It’s took me to trust about 2 years. Lots of controlled meetings or walking on the leash around the birds and simple corrections when the dog shows unwanted behavior, you can not do this unless you trust the dog will listed to your commands. Good luck


----------



## banzai555 (Sep 2, 2019)

I don't have much advice other than to say...I think it's possible! Chickens are legal in city limits here and there's this one flock we encounter almost every morning on our walk. Sometimes one or two of the chickens are out of the pen and wandering around on the sidewalk. The first few times Willow would lock on and I could tell she wanted to chase them, but I gave her a quick "uh-uh" or "leave it" and she would.
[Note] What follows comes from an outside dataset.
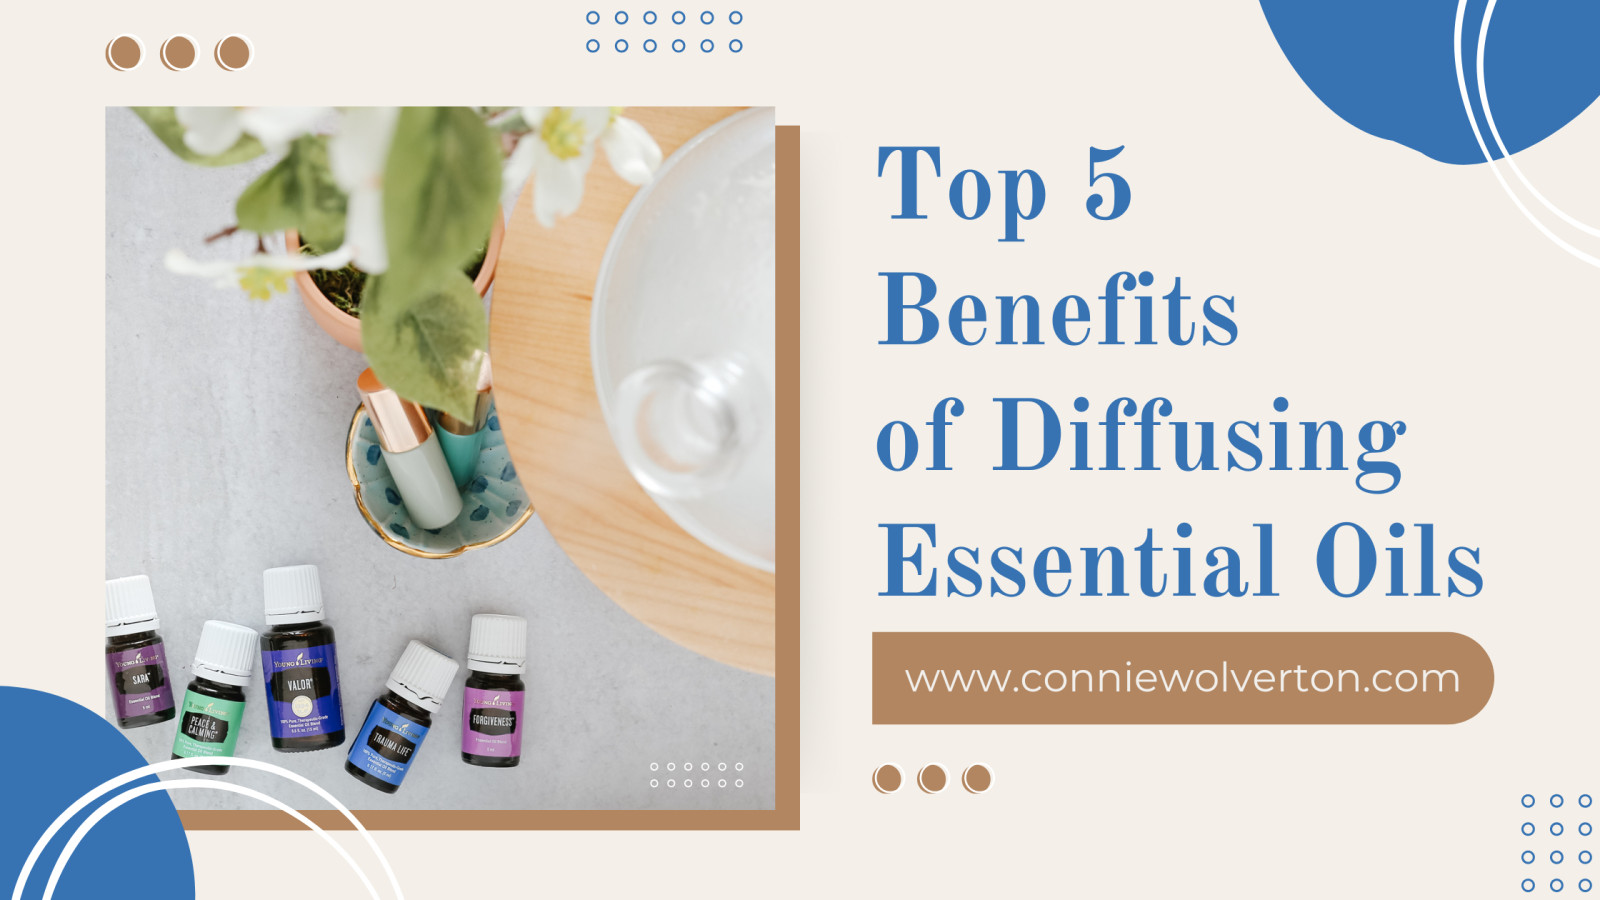 The Top 5 Benefits of Diffusing Essential Oils

Now she doesn't even bother--she knows they're off limits. 

So I guess I would work on getting solid obedience to "leave it". And just carefully supervise until you know he can be trusted around them.


----------



## CeraDean (Jul 9, 2019)

My boy was introduced to geese before he came to me and then we got our own chickens when he was a year and a half. 
I did high engagement activities with him while they were in the coop until he ignored them. Then let them free range at a distance, still high engagement, short sessions. Gradually increasing the duration and decreasing the engagement.


----------



## ChickiefromTN (Jun 16, 2020)

I've had different experiences with my different dogs. My first dog was a tiny puppy when we had a batch of new chicks in the house. He always loved his birds and watched over them. If the roosters sounded the alarm he went running to check on them. One of our roosters used to do sneak attacks on him and my husband. Ghillie knew he could chase him when he did that. He would always slow down to let the rooster stay 4 feet in front of him. 

My girl thats almost 3 will only chase the chickens if you ignore her for too long. She will have a ball in her mouth and take off after them knowing she will get your attention. 
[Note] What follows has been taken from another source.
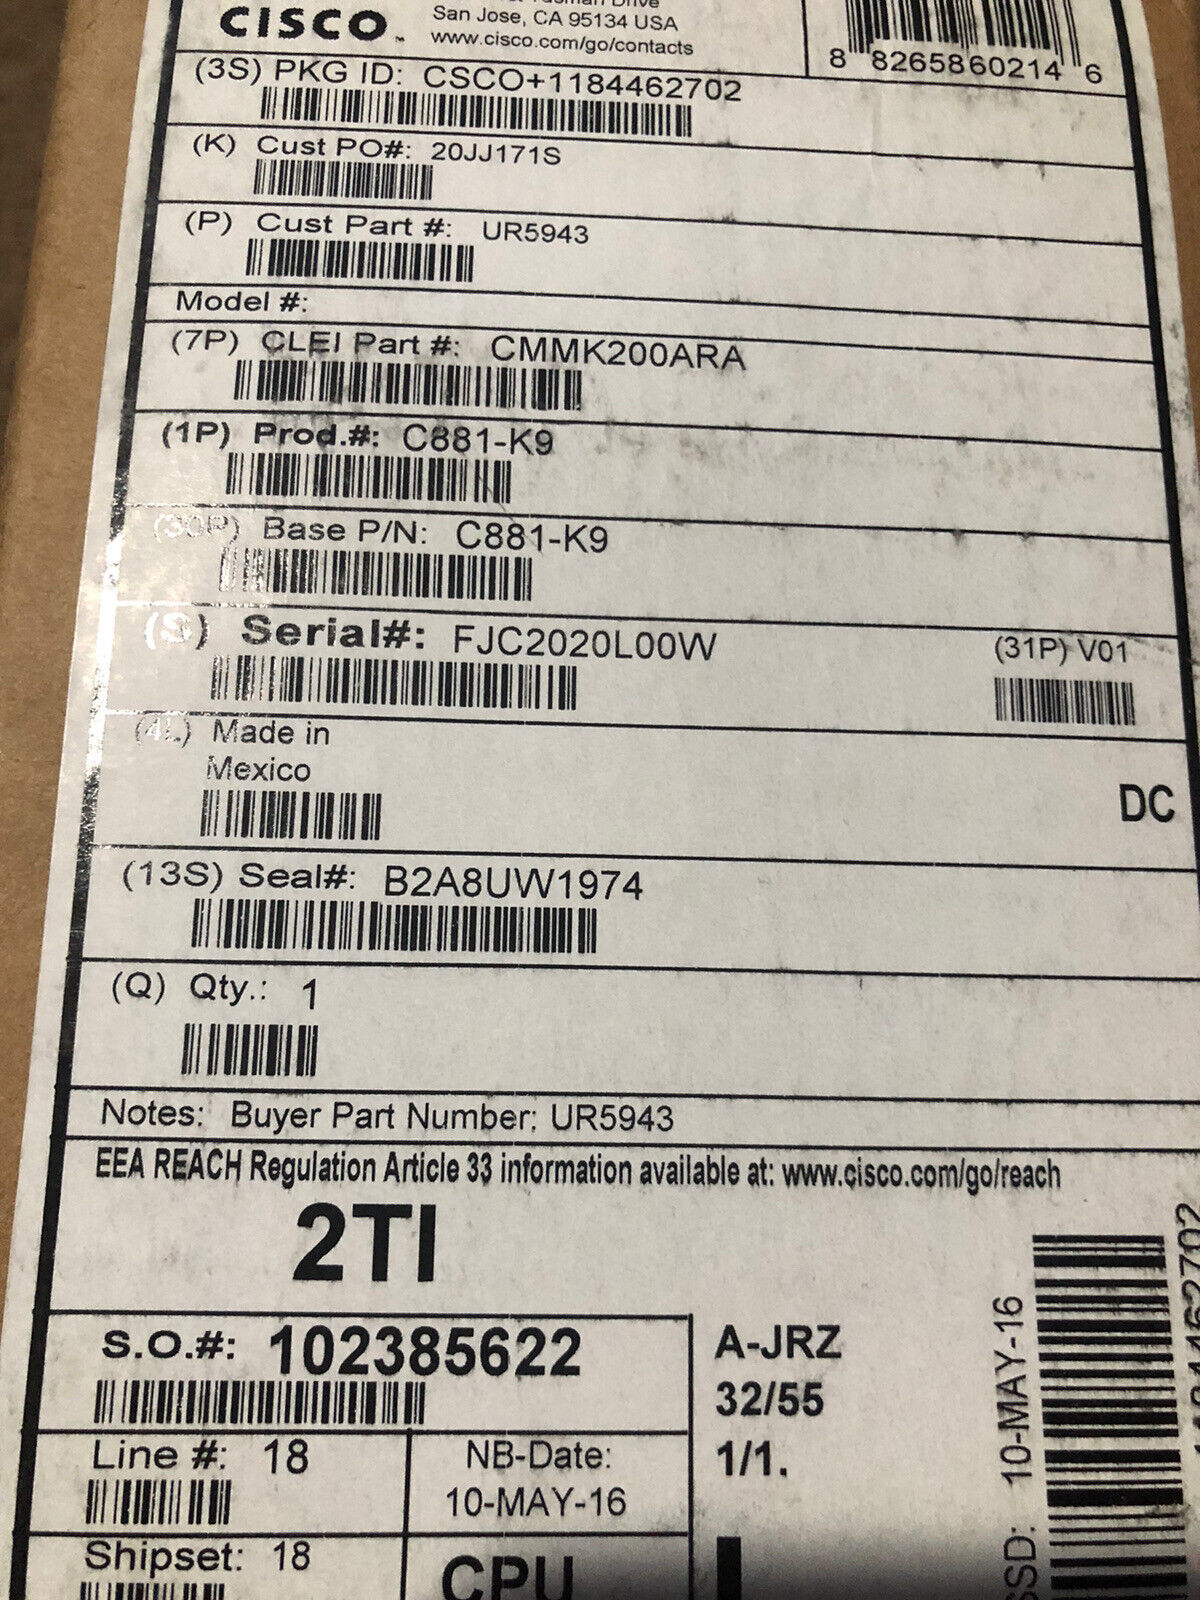 NEW in 独創的 Box Sealed 【お気に入り】 CISCO 881-K9 l Ethernet Security Router w LAN

Now my youngest 3 ignore the birds 90% of the time, except for potty break first thing in the morning or right before dusk. The chickens have a lot of cover and are experts at getting away from the dogs. I've had the same flock for 3 years now. So I just try to check that they are all out of the way before I take these three out at those times. We are planning on building a new coop area later this year that will be farther from the house which will hopefully eliminate the early morning and late evening issue.
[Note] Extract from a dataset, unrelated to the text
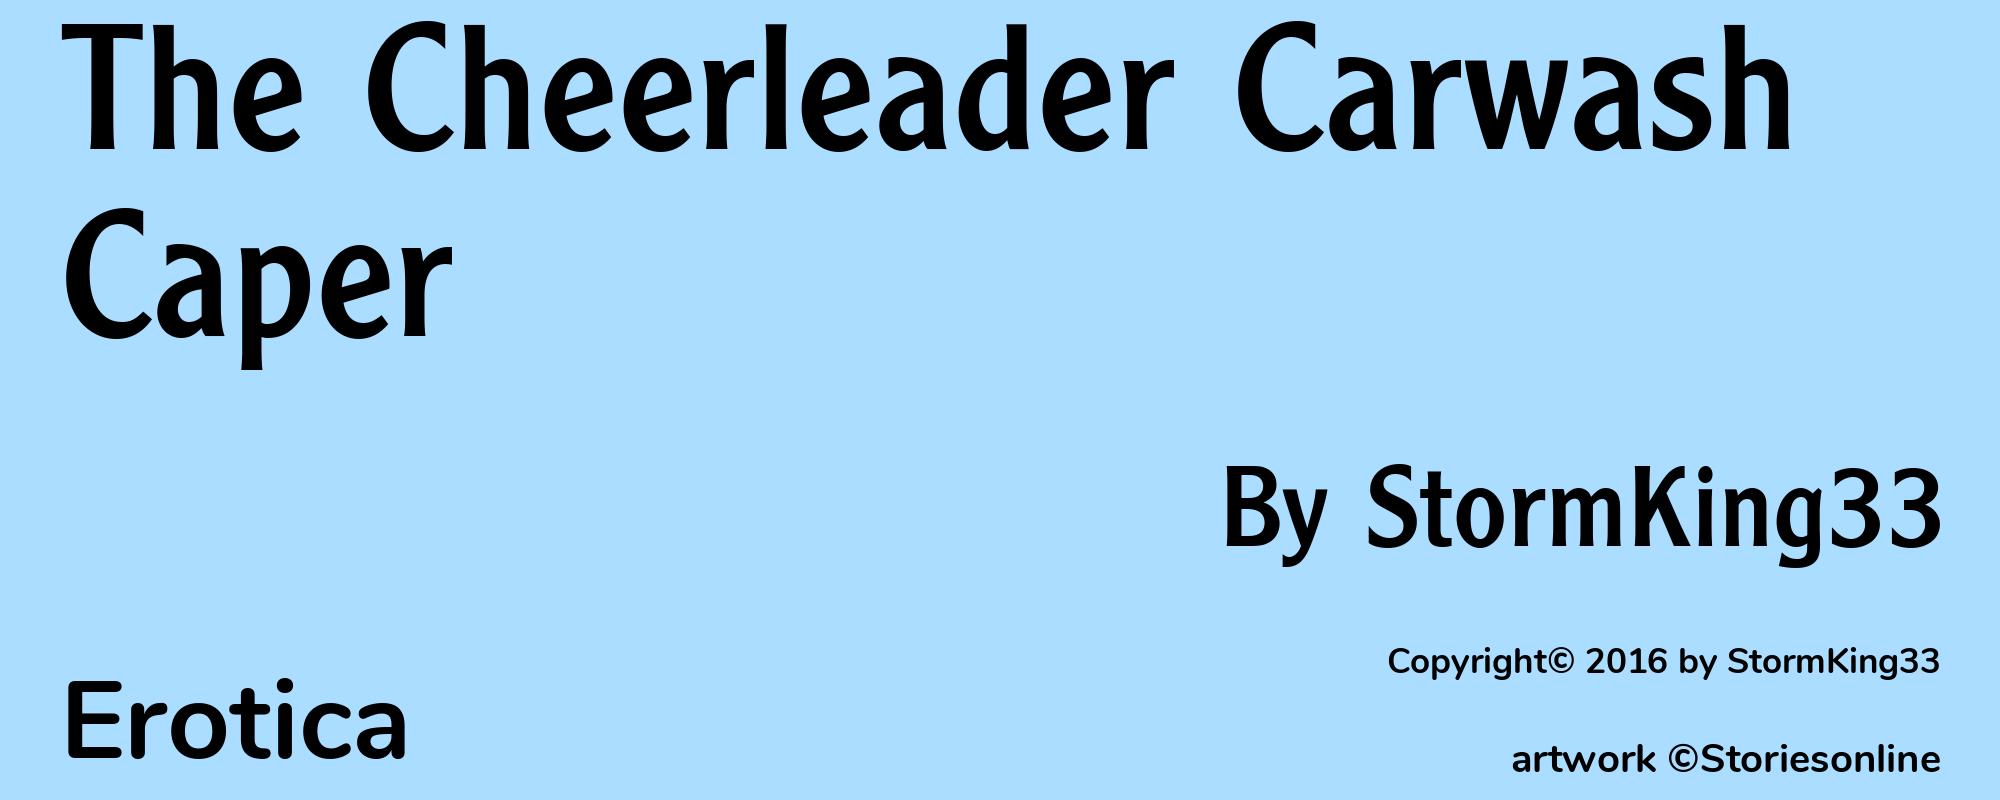 The Cheerleader Carwash Caper - Cover

Sent from my SM-G960U using Tapatalk


----------



## SMcN (Feb 12, 2021)

Definitely some good suggestions here re training in vicinity of the chickens. Another thing to do is to take the novelty away. Let them be close together without being able to get to each other until the chickens just become part of the landscape.


----------



## Naomers (9 mo ago)

Hi all, it hasn’t been very long obviously but I thought I’d give an update to anyone interested as I’ve started to see an improvement.

In the morning, when Figgy most wants to chase chickens, I put him on a leash and bring him with me to let them out of the coop and feed them. He’s usually pretty interested when they all come running out together but I work on “leave it” (which we’ve been practicing separately) and keeping his attention on me and of course the leash to keep him from chasing. Then we walk back towards the house and by the time we get around 30’ away he has usually lost interest. He has also now been most often ignoring the stray chicken that comes over to where we play and hang out in the yard. When he even starts to look at the chicken, it’s “nuh uh” and then something more exciting with me and lots of praise for ignoring them. 
I’m fairly certain he doesn’t want to eat the chickens (which one of our dogs definitely does want to do), he just wants to chase- particularly when the whole flock is together to run through! I think we’re making progress although it’s still always supervised. Even LGDs are said not to be fully trusted until they turn 2! He does, however, love stealing chicken eggs out of the barn to eat and I have no solution for that 😂


----------



## Fodder (Oct 21, 2007)

if he can ignore them at 30’ then at this age and stage in training, i’d be working him at 30’… walking him to the coup to release them and allowing him to reach that level of excitement, even briefly, is unnecessarily putting him over threshold - they won’t become a “part of the background” that way.


----------



## Naomers (9 mo ago)

Fodder said:


> if he can ignore them at 30’ then at this age and stage in training, i’d be working him at 30’… walking him to the coup to release them and allowing him to reach that level of excitement, even briefly, is unnecessarily putting him over threshold - they won’t become a “part of the background” that way.


That makes sense, thank you! My thought process was if I incorporated him into the daily chore of taking care of them, he’d realize they are part of the family. But maybe I’m drawing too much from when we were training our LGD which doesn’t apply well here


----------



## Fodder (Oct 21, 2007)

Naomers said:


> That makes sense, thank you! My thought process was if I incorporated him into the daily chore of taking care of them, he’d realize they are part of the family. But maybe I’m drawing too much from when we were training our LGD which doesn’t apply well here


it’s not a bad thought process… you’re just dealing with opposite degrees of prey drive and the GSD will need more impulse control and foundational obedience in place first.


----------



## Naomers (9 mo ago)

Fodder said:


> it’s not a bad thought process… you’re just dealing with opposite degrees of prey drive and the GSD will need more impulse control and foundational obedience in place first.


Thank you!!


----------



## RosiesPaw (8 mo ago)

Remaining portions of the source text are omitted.